На выдохе Дух понял глубину самообмана — он понял, что такое «умереть не своей смертью». Вместо возвращённого сердца и вечных объятий, сладких и светозарных, выпотрошенный любовник обнаружил в своей груди… муляж. Ро соблазнила его не по любви, не по безумию. Дух был подавлен и унижен. Он не узнавал, кто перед ним: Ро или Жозефина? Пустота в сердечной пазухе колотилась: бух-бух, бух-бух-бух… Но, что это? Серебряная нить… не исчезла! Она осталась, осталась! Духа потянуло закрыть глаза и умереть.
— Хороший мой, ты исполнишь мою просьбу?
— Нет, Ро. Пока нет. Вы зря потратили на меня своё время.
Девушка поджала губки и как ни в чём не бывало, не одеваясь, ушла в свою комнату. У камина остались лежать брошенными её танцевальные наряды.
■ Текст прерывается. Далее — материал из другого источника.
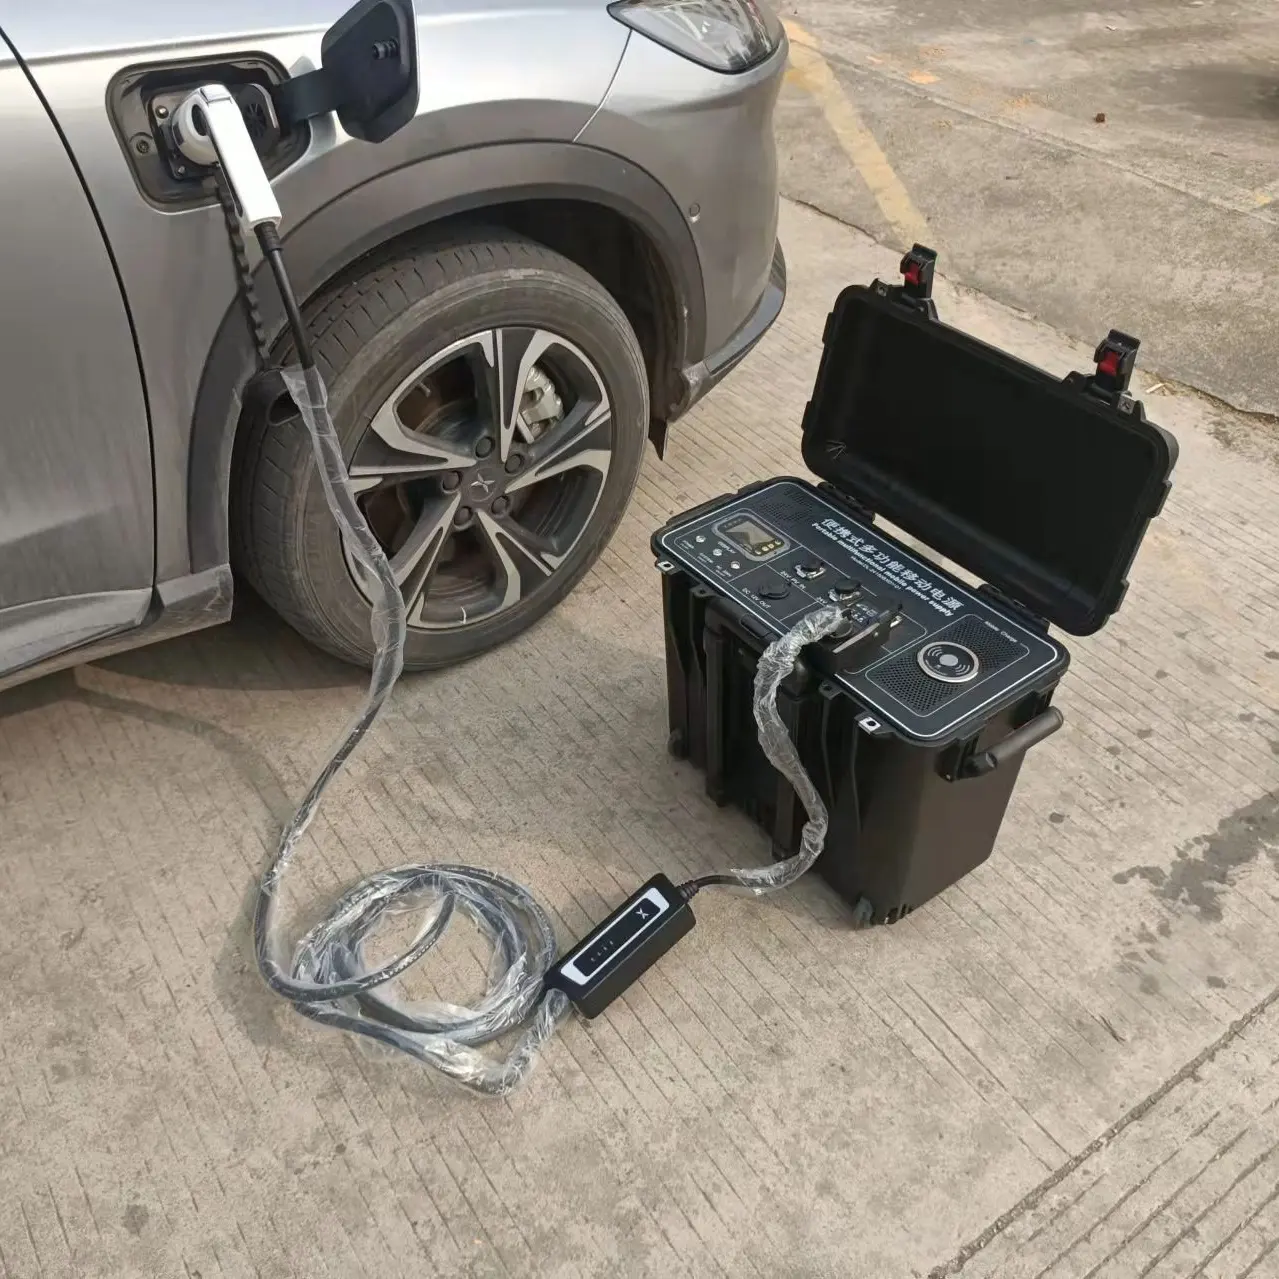 XIAOFU Portable 8KW EV chargeur rapide 4kwh ev power bank ac dc chargeur pour voiture électrique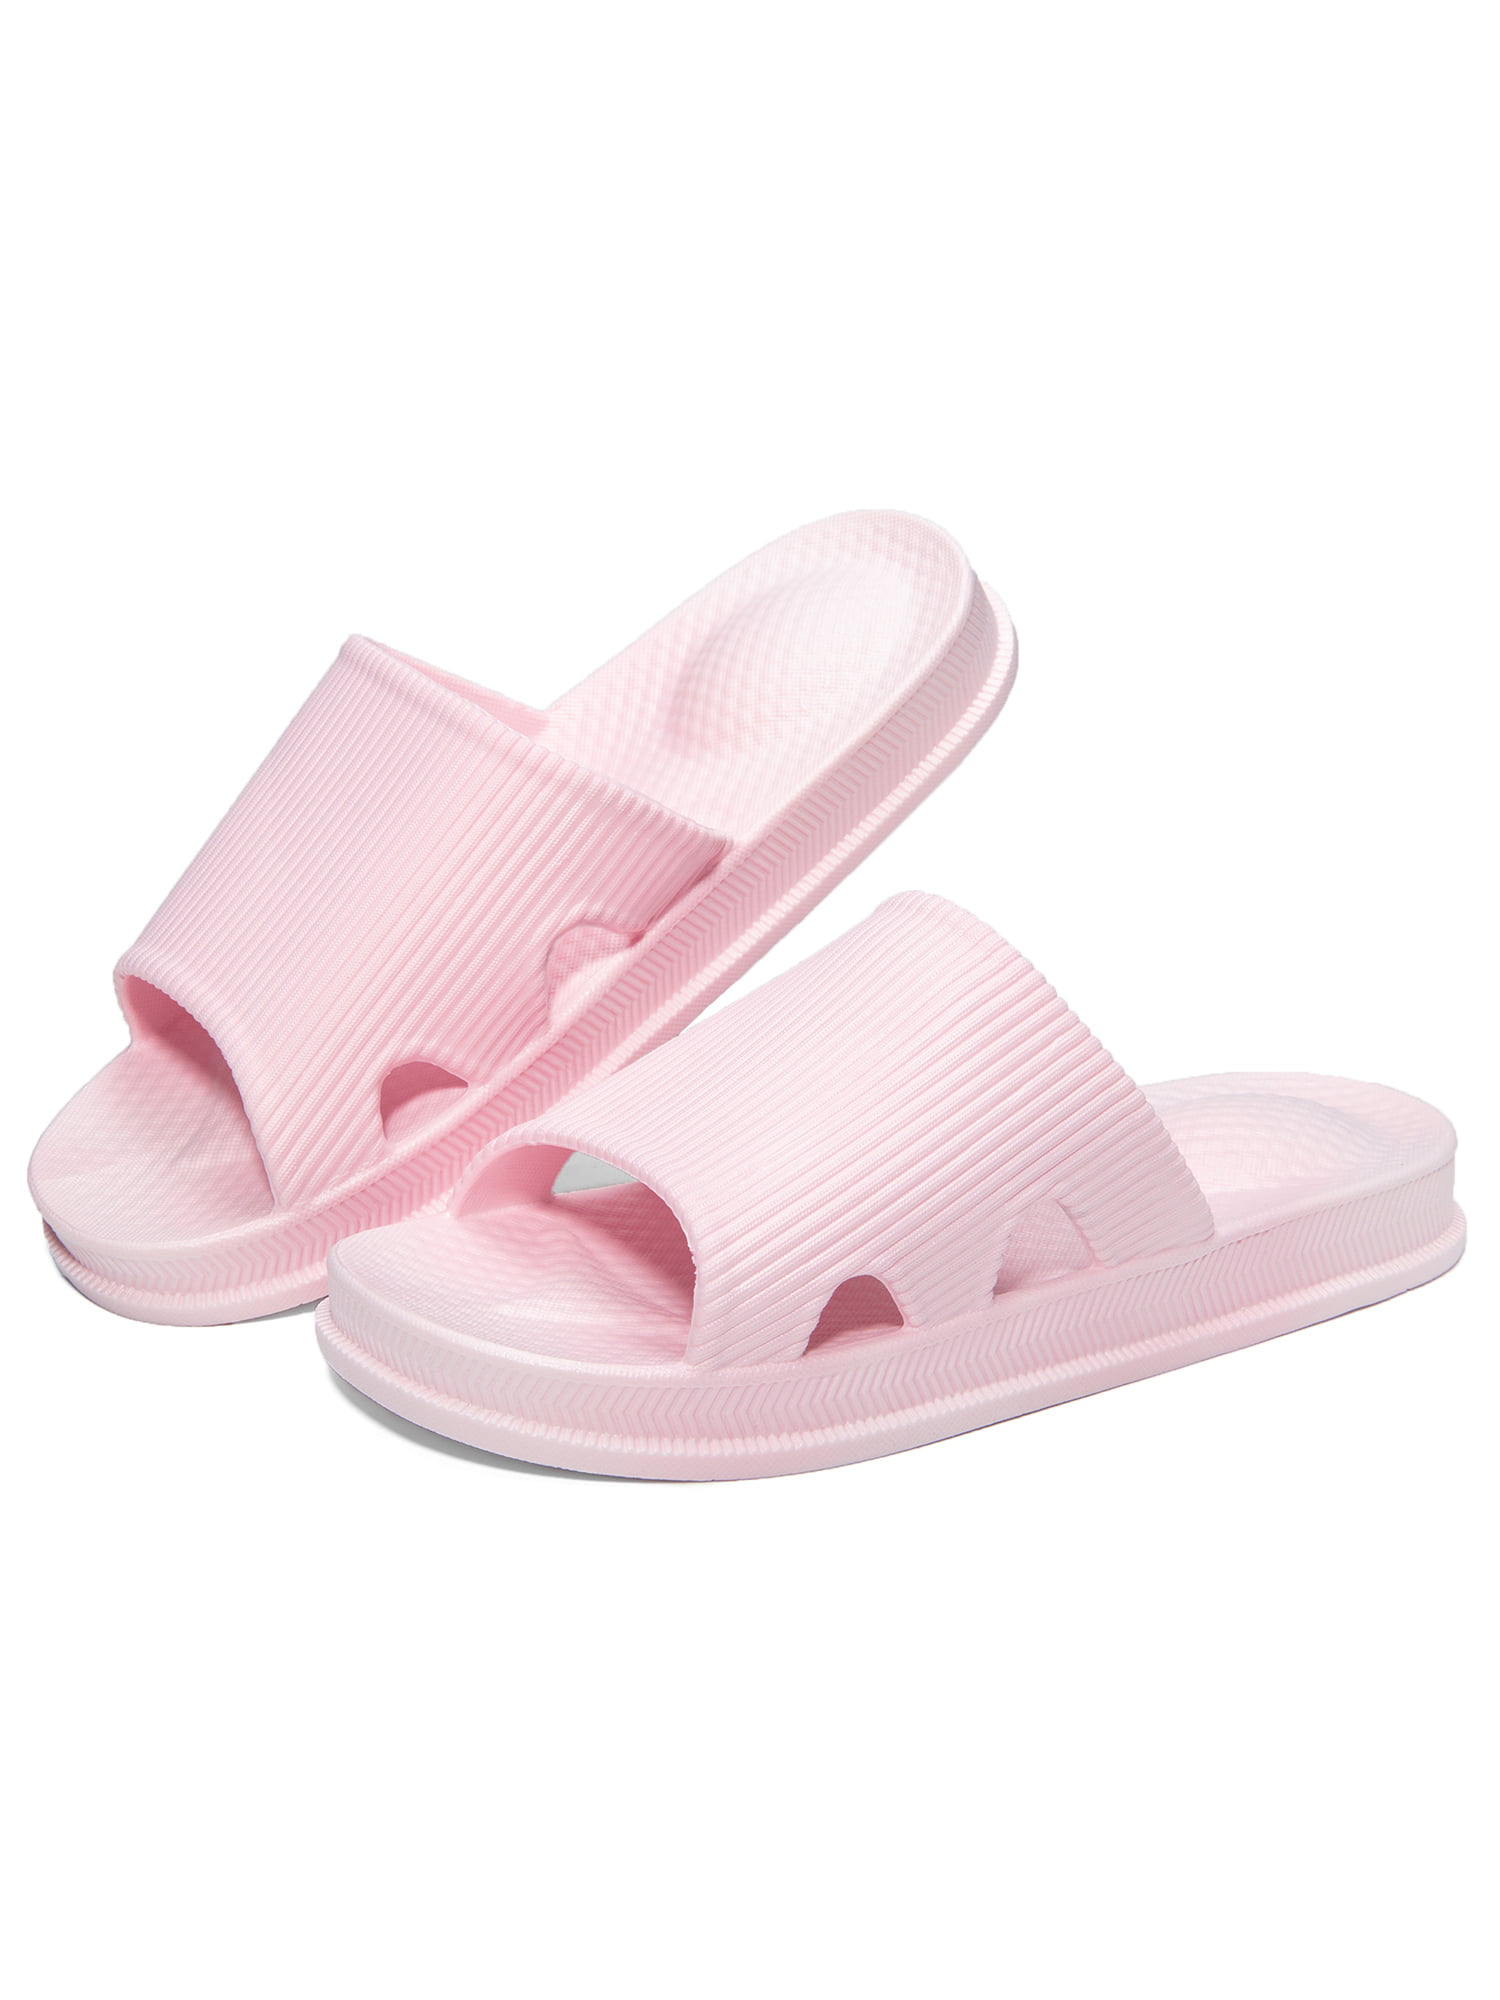 HEVA Bathroom Slippers Mens Slide Shower Open Toe Sandals Womens Non Slip Beach Indoor House Shoes

Рано утром, на рассвете, Ро подожгла Дом Счастья.


ПРОШЛО ДЕВЯТЬ ЛЕТ

Да, пел с другими я, но жил тобой!
Двойная ложь преображалась в правду:
К единственной стремясь, я был с любой
Единственным, как миг, как плод из сада.

Простите, женщины, инстинкт, восторг,
Дорогу опыта, молчанье адресата,
Всех прошлых радостей пожизненный острог
Содержит память, что, как смертник, полосата.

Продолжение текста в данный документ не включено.